Article by Aija Konrad
Photos by Ed Konrad
Beach birding is like Forrest Gump’s box of chocolates…”you never know what you’re gonna get!” It can be a feast, with too many birds to count, or famine, with a long walk to the end of the spit and few results. This week has been a gluttonous feast!
Our favorite time to bird North Beach is at high tide and as the tide falls. (Photo 1) The birds are usually gathered in a high tide roost, rather than far out on sand bars. We observed large numbers of terns, skimmers, pelicans, and gulls on the North Beach shore at the tip of the turn toward Captain Sam’s. Also at low tide on North Beach, Tri-colored Heron often fish at the tip of the inlet as the tide pools form. (Photo 2) Although we did not see the Reddish Egret this time, you can often it see here.
The protected area behind the yellow signs on North Beach had large numbers of Semipalmated Plovers, Sanderlings and peeps roosting in the dry sand. There are always a few Piping Plovers mixed in. (Photo 3) We also saw a great assortment of resting birds on the back side along the old inlet, towards Captain Sam’s mouth. (Photo 4) All of these areas are among our favorite spots to bird North Beach.
Since the Piping Plovers have begun to return for their winter migration, we’ve spotted them all along the shore anywhere from to the right of the Property Owner boardwalk #1 to the far end of North Beach. (Photo 5) Ed and I have been searching for banded birds and submitting photos to researchers for the Great Lakes and Atlantic Coast breeding regions. So far this season we have found and submitted 8 banded birds. We’ve learned these have migrated from Fire Island NY, Rhode Island and NJ beaches, from islands north of Nova Scotia, and from the Great Lakes. The researchers appreciate updates on where their birds have been spotted, and it’s exciting for us to know where our Pipers are coming from and their journeys!
The cherry on top of the cake was learning from Alice Van Zoeren, our researcher friend with the Great Lakes Piping Plover Conservation Team, that a Piping Plover we sighted had hatched on North Manitou Island, Sleeping Bear Dunes MI this summer. Alice banded and watched over this chick, and was excited her chick had made its way to Seabrook! (Photo 6)

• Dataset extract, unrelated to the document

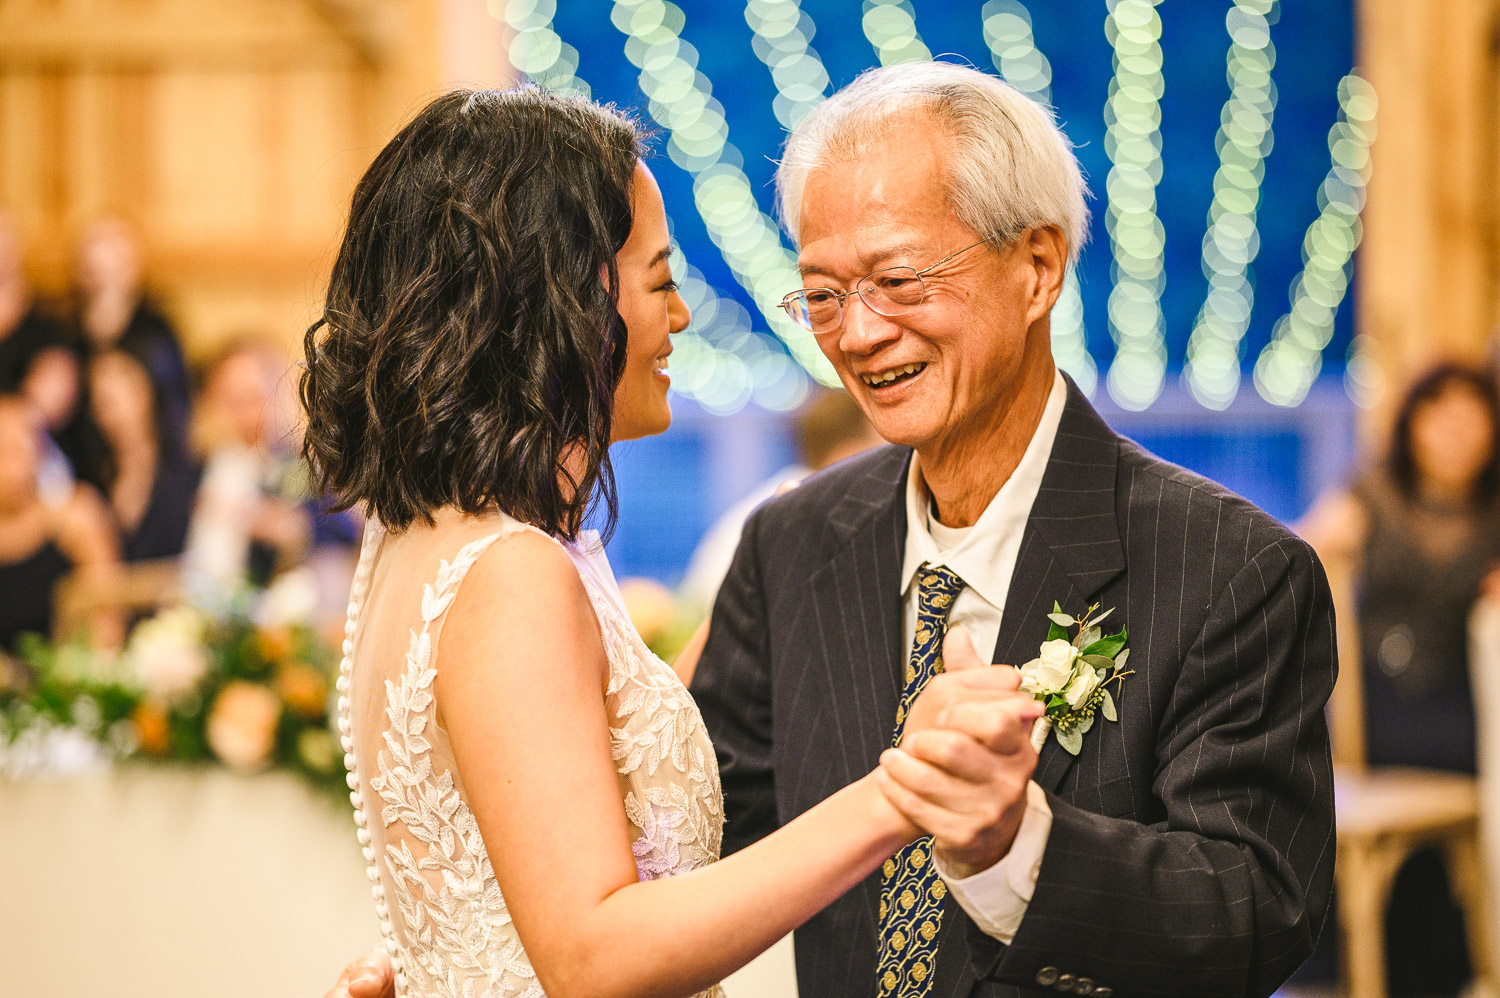 Bride dancing with her father during reception

Black Skimmers are gathering in large numbers, over 200 each day. (Photo 7) Caspian Tern numbers are growing with 8 spotted. We had eight Marbled Godwits, and three Oystercatchers, including our resident U5. (Photo 8) We hit a bonanza with Black-bellied Plovers, over 70 on the edge of the old inlet, with some still showing black bellies! (Photo 9) An exciting addition on Tuesday was ten Red Knots…the first of the fall season for us. Two were still showing the remains of their rusty bellies. (Photo 10) Short-billed Dowitchers also made an appearance, as did Western and Least Sandpipers.
Warblers are also starting to come into the area, with Aaron Given having some great banding this week, including his first Canada Warbler for Kiawah banding station! His blog is outstanding (http://kiawahislandbanding.blogspot.com) and so much fun to follow, with some great pictures. We saw a few warbler species at Mingo Point on Monday…several Prairie’s, a Black-and white, and several American Redstarts. So far on Seabrook we have had Prairie, American Redstarts, Yellow-throated and a Northern Waterthrush. Palmetto Lake is a good place to look for them, as is the parking spot area at Six Ladies trail and the trail itself and the Bobcat dunes boardwalk. It can be challenging in the fall because there are no songs, bird colors are drab, but it’s a fun challenge. Mosquitos have been ferocious!
The night roost at Old Wharf Road at Jenkins Point has been crazy, with hundreds of egrets, herons, and ibis. The noise is quite a cacophony!!! I have not tried counting them yet…there are simply too many. Sadly, a dead deer is in the lagoon, adding a bad aroma!
So that’s the story for a week of fun birding. Keep your eyes and ears open…fall migration has begun!
(Editor’s note: This article was written prior to Hurricane Irma, so as we all know, conditions and the environment are always changing.)